- Opening Delimiter -
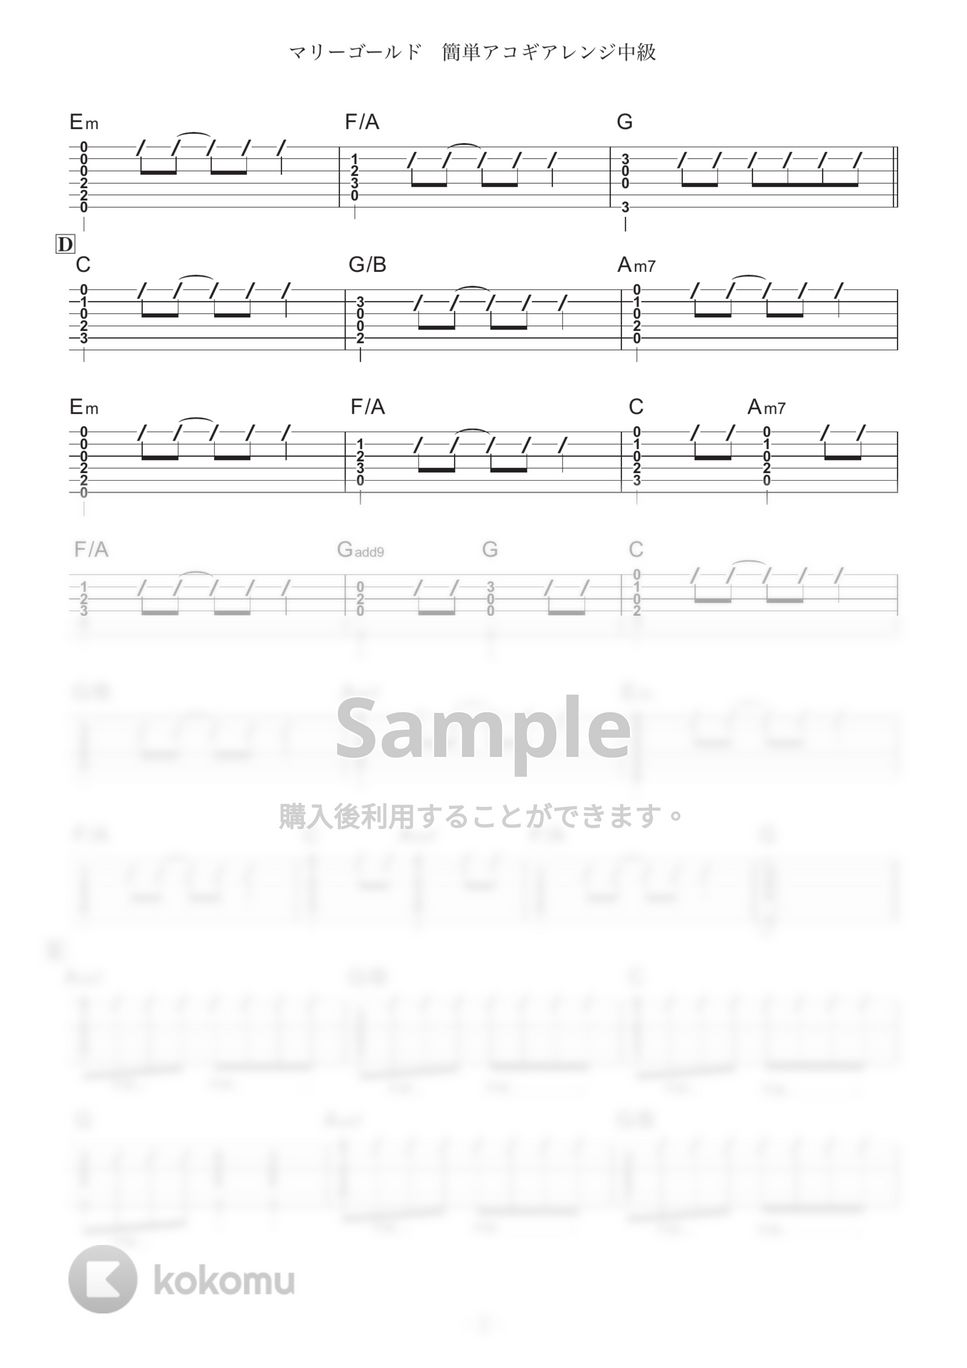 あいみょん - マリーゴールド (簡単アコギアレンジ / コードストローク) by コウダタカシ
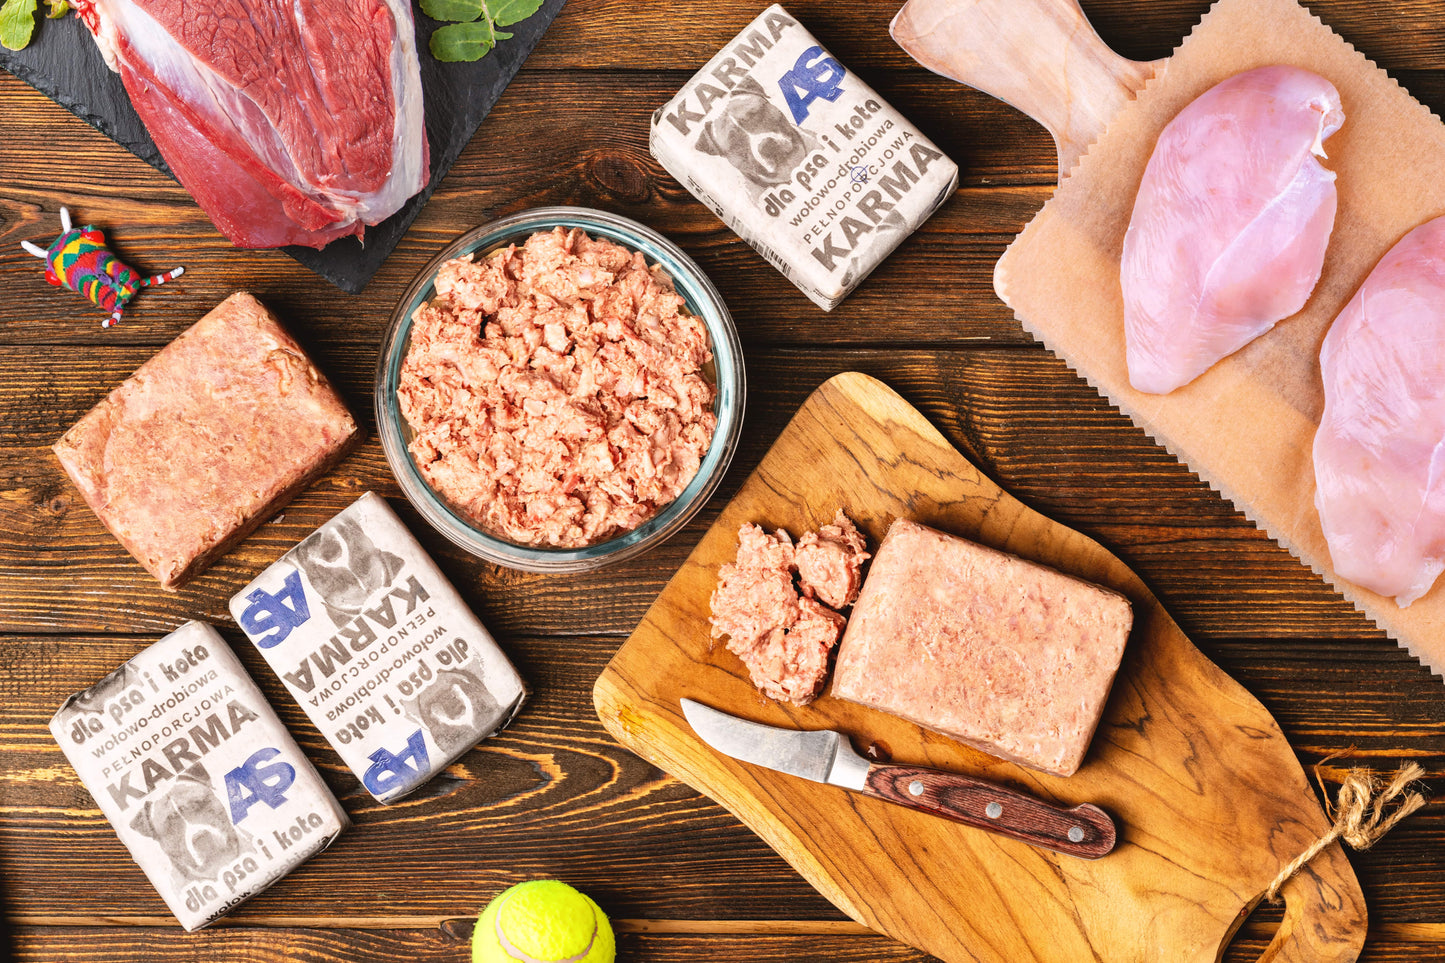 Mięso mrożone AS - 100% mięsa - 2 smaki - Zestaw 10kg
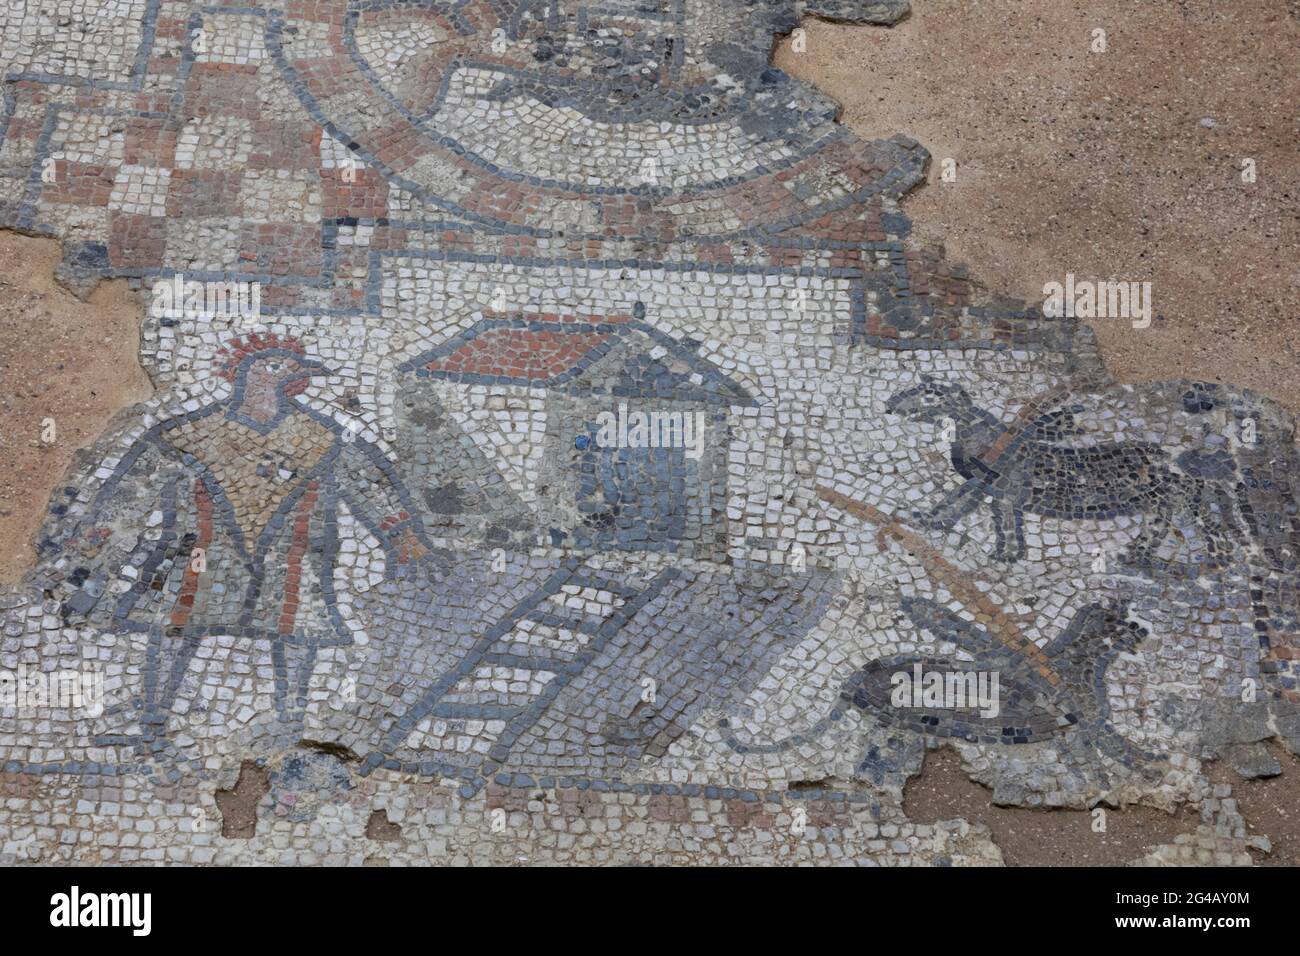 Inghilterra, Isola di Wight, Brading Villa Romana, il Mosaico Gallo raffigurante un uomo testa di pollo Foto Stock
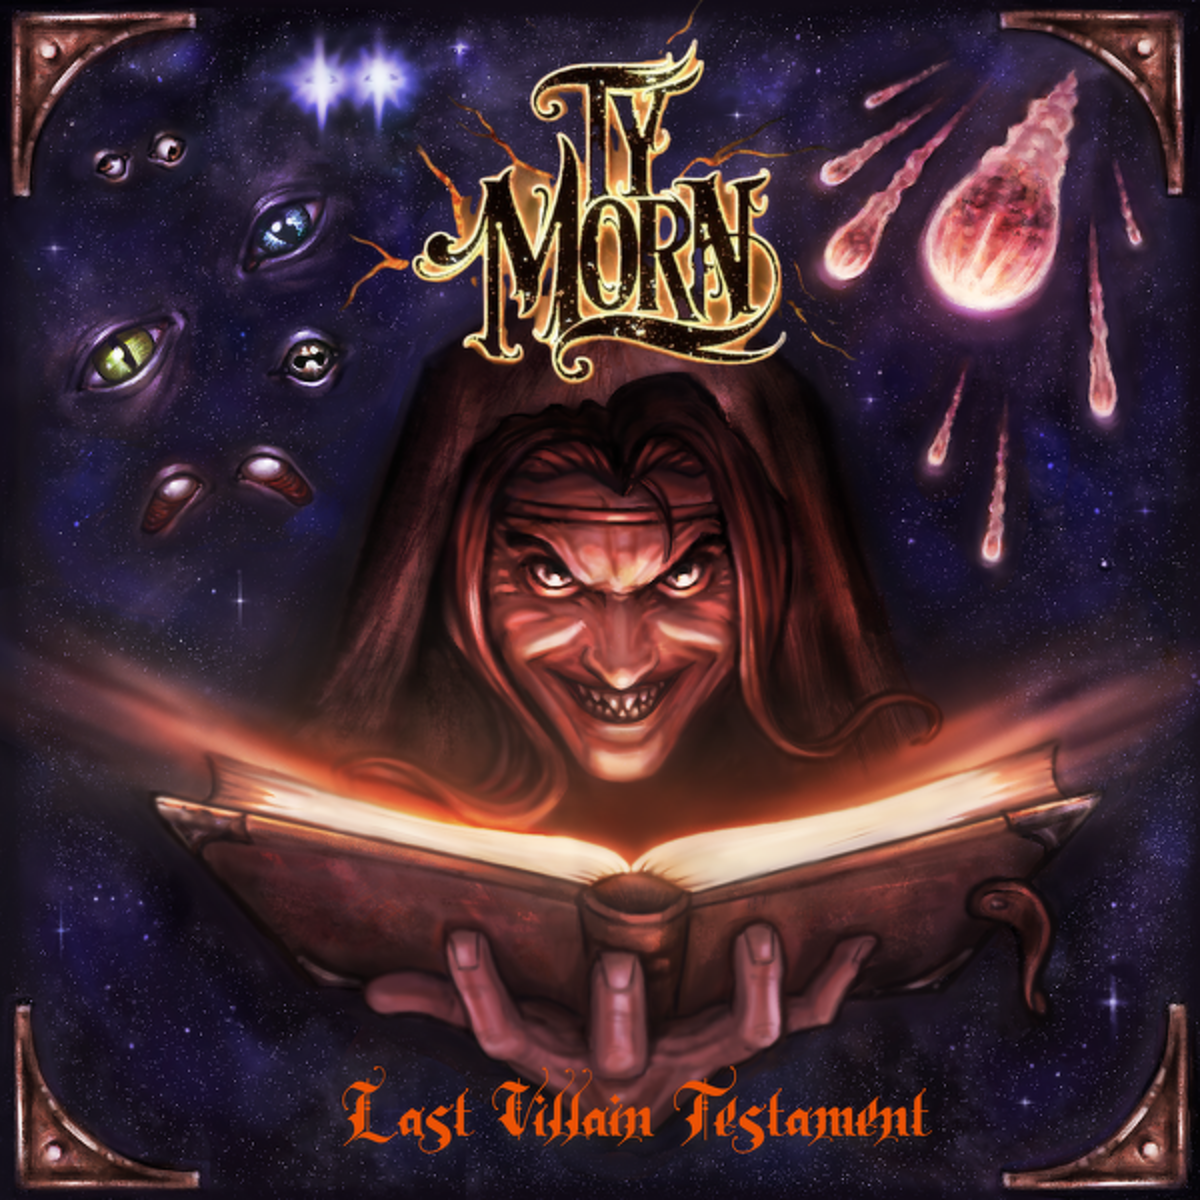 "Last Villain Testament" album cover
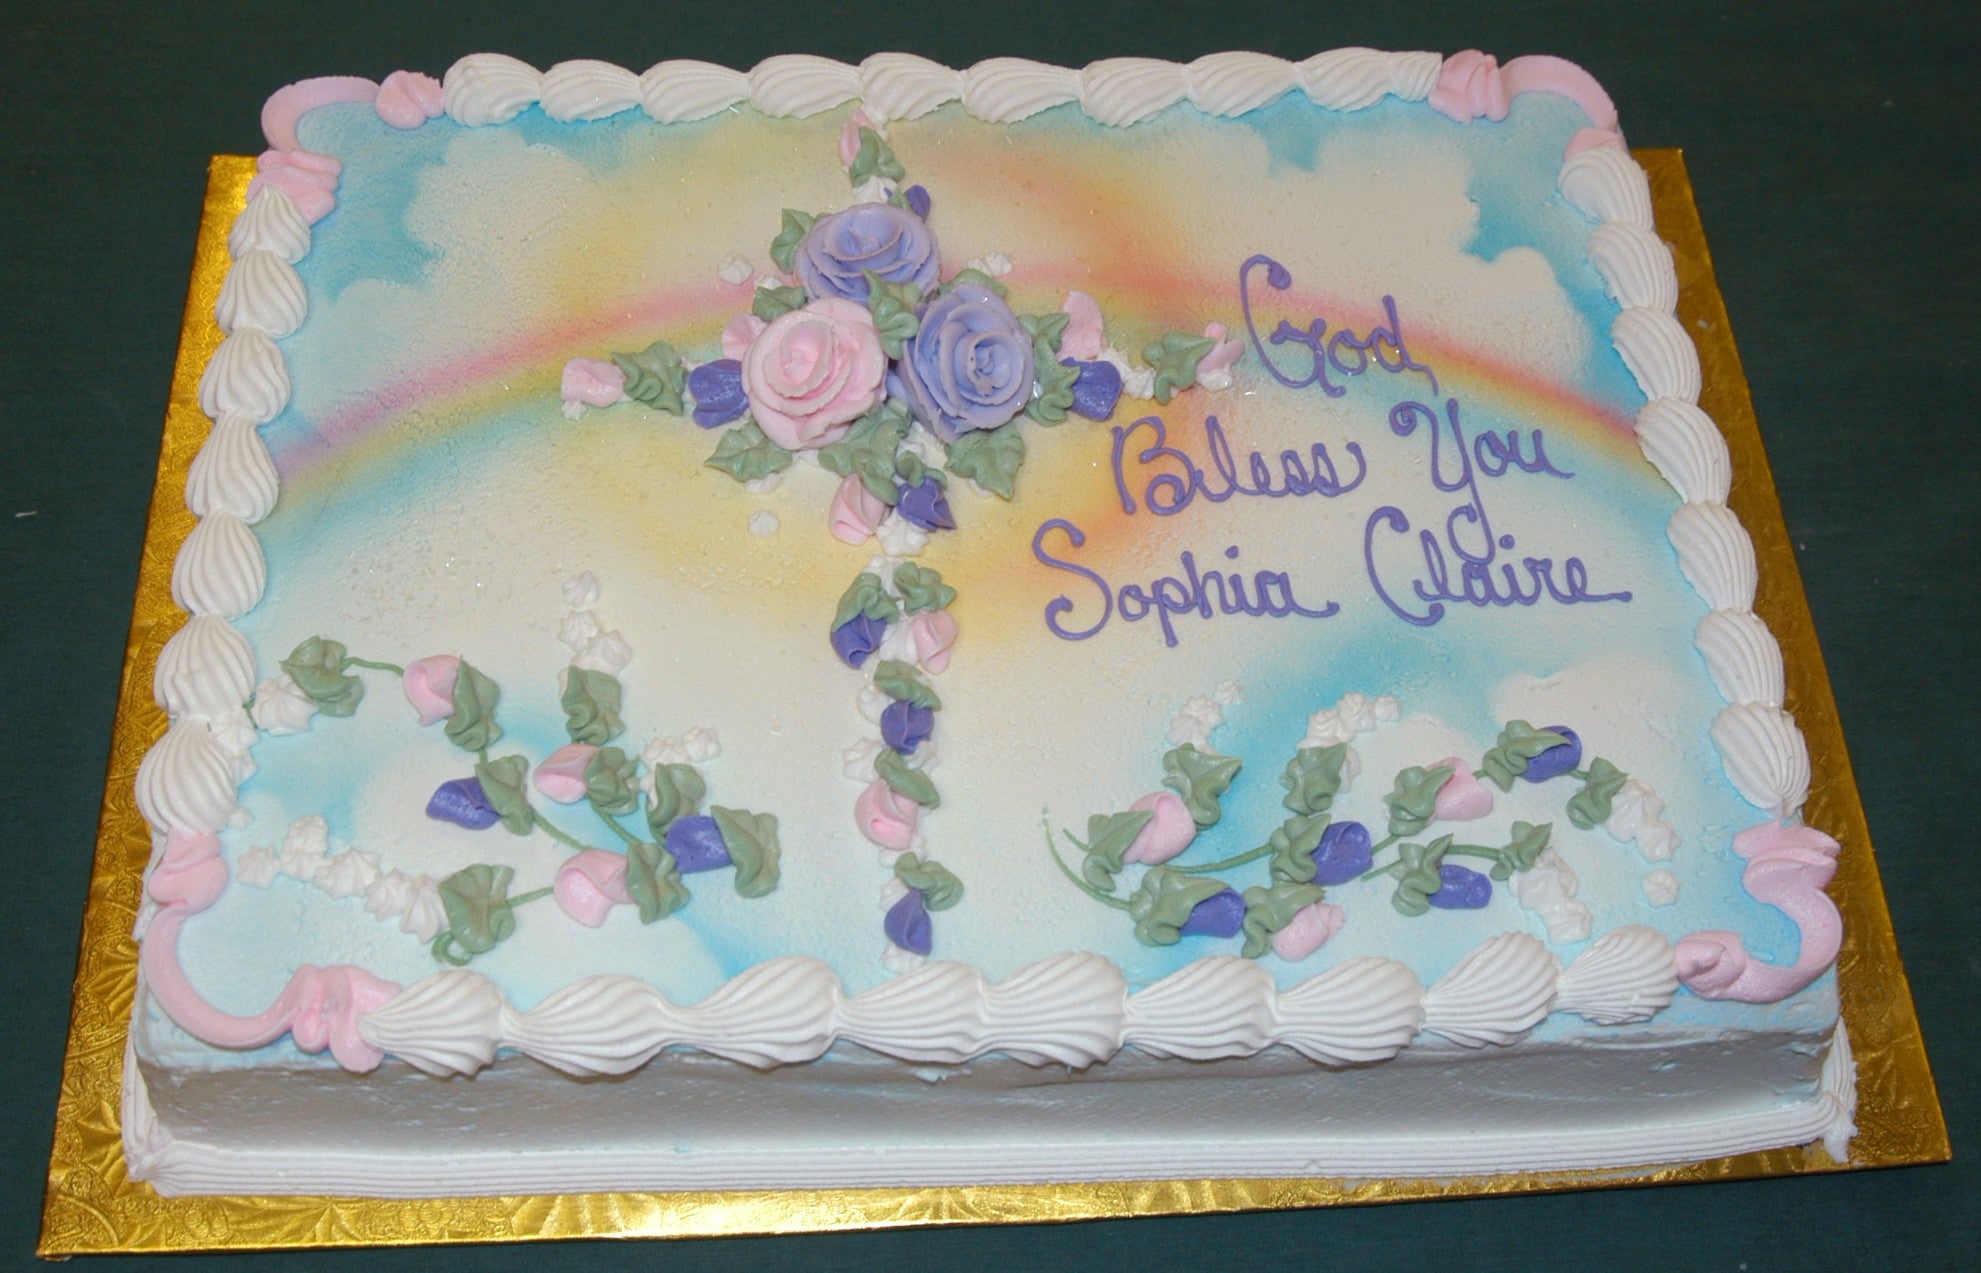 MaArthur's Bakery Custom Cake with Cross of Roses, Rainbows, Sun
- Closing Delimiter -
Activity
The material should be returned verbatim, with all images omitted.

Problem solution
 あいみょん - マリーゴールド (簡単アコギアレンジ / コードストローク) by コウダタカシ
 Mięso mrożone AS - 100% mięsa - 2 smaki - Zestaw 10kg
 Inghilterra, Isola di Wight, Brading Villa Romana, il Mosaico Gallo raffigurante un uomo testa di pollo Foto Stock
 "Last Villain Testament" album cover
 MaArthur's Bakery Custom Cake with Cross of Roses, Rainbows, Sun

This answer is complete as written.